Arquivo para Setembro, 2008

Simples assim…

Cada pessoa, apesar de tudo, tem o controle sobre sua própria vida, suas ações e sobretudo suas consequencias, quem disser que não está errado. Acredito eu.

Na verdade é bem simples, você faz uma coisa, isso gera uma reação e você de algum modo lida com isso. Não tem isso de que não se tem controle, por que na verdade, isso faz alguma diferença mesmo? A qualquer rminuto, a qualquer hora, em qualquer dia, basta que uma pessoa se levante e faça algo pra provar que todo mundo está errado, e somos sim, senhores do nosso destino.

Ficar se lamentando, ficar negando algo, ou fingir que nunca aconteceu, pode funcionar, claro, mas não muda nada, o que muda são ações. Pode-se entretanto, requerer a ajuda dos outros, isso de modo algum é errado, as vezes uma conversa para expandir os horizontes pode ajudar bastante, as vezes a propria pessoa pode de algum modo resolver seja lá o que aconteceu, ou mesmo apenas te dar a força que você precisa pra fazer alguma coisa.

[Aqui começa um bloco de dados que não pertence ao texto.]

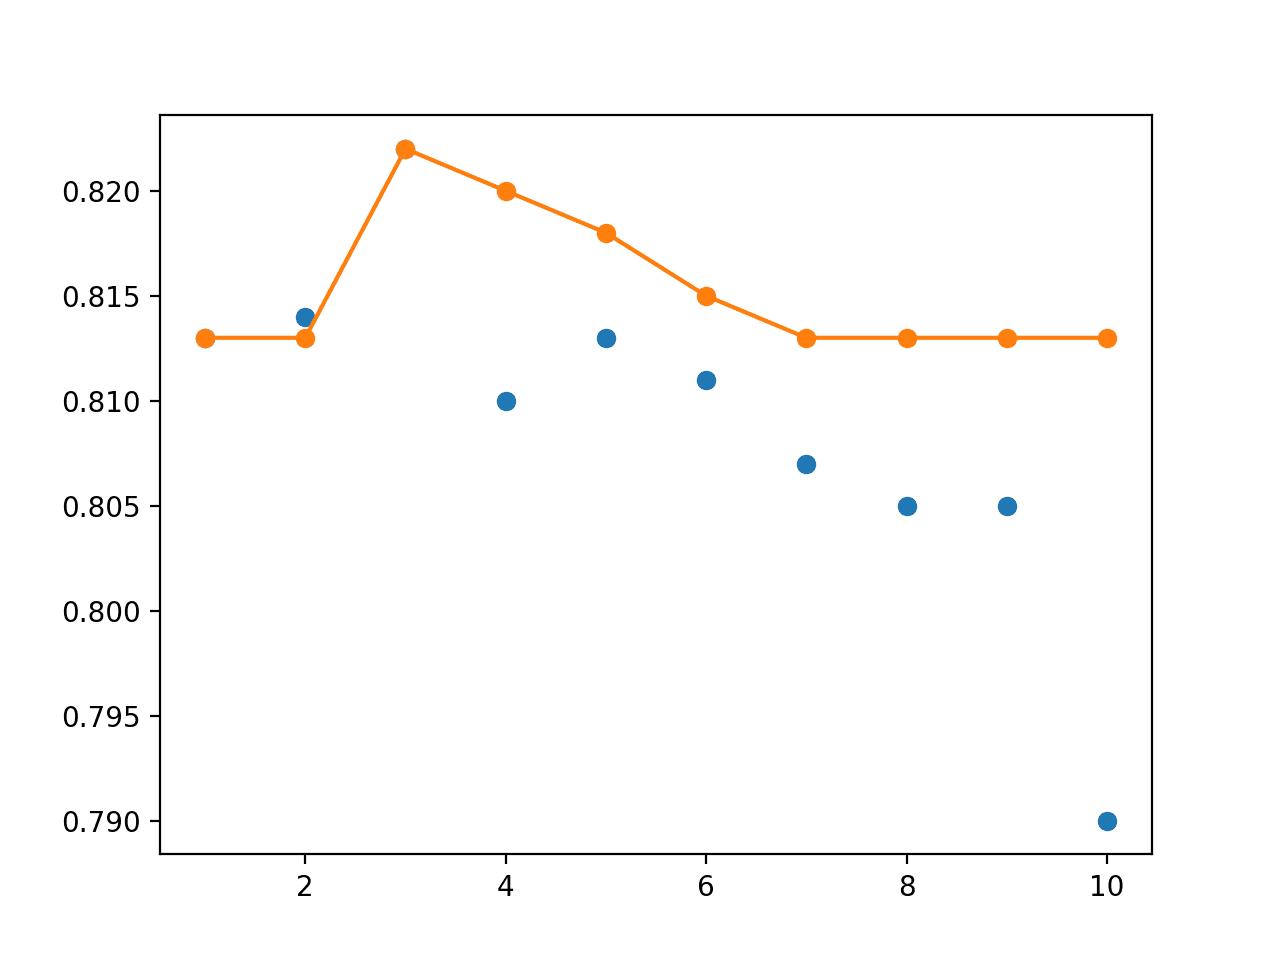 Line Plot of Single Snapshot Models (blue dots) vs Snapshot Ensembles of Varied Sized (orange line)

E sabe o pior? Isso nem sequer é dificil… Tomar decisões também não é dificil, basta ver o que você gostaria que acontecesse e trabalhar em pró disso. Ok, decidiu? Agora faça algo. Simples não? Não sabe o que fazer? É claro que sabe, você acabou de decidir.

Nesse ponto deve-se expor algo: Ouça as outras pessoas.

Don Michael Corleone disse uma vez “Nunca fique com raiva, atrapalha o raciocinio“, mas isso também vale para outros sentimentos, tristeza, decepção, que seja. Qualquer tipo de sentimento atrapalha o raciocinio, então ou você separa as duas coisas, ou conversa com alguem que possa pensar melhor que você.

Geralmente, eles vão dizer algo que você já sabe, ou algo extremamente simples. Mas mesmo assim, ouça eles. Quem foi que disse que tudo requer uma solução complicada? Na verdade tudo é bem simples, as pessoas que complicam tudo… Respostas simples são sempre as melhores, e certamente as mais efetivas.

Ao menos, deve-se considerar uma coisa, na verdade acho que um professor meu disse isso uma vez. Se você tem um problema, tente uma solução simples, deu certo ótimo, não deu, bom, você causou vários outros problemas menores, problemas menores são mais fáceis de resolver. Isso na verdade faz bastante sentido. Se não fizer, pelo menos você tomou alguma atitude, o chamado primeiro passo, depois disso tudo torna-se mais fácil.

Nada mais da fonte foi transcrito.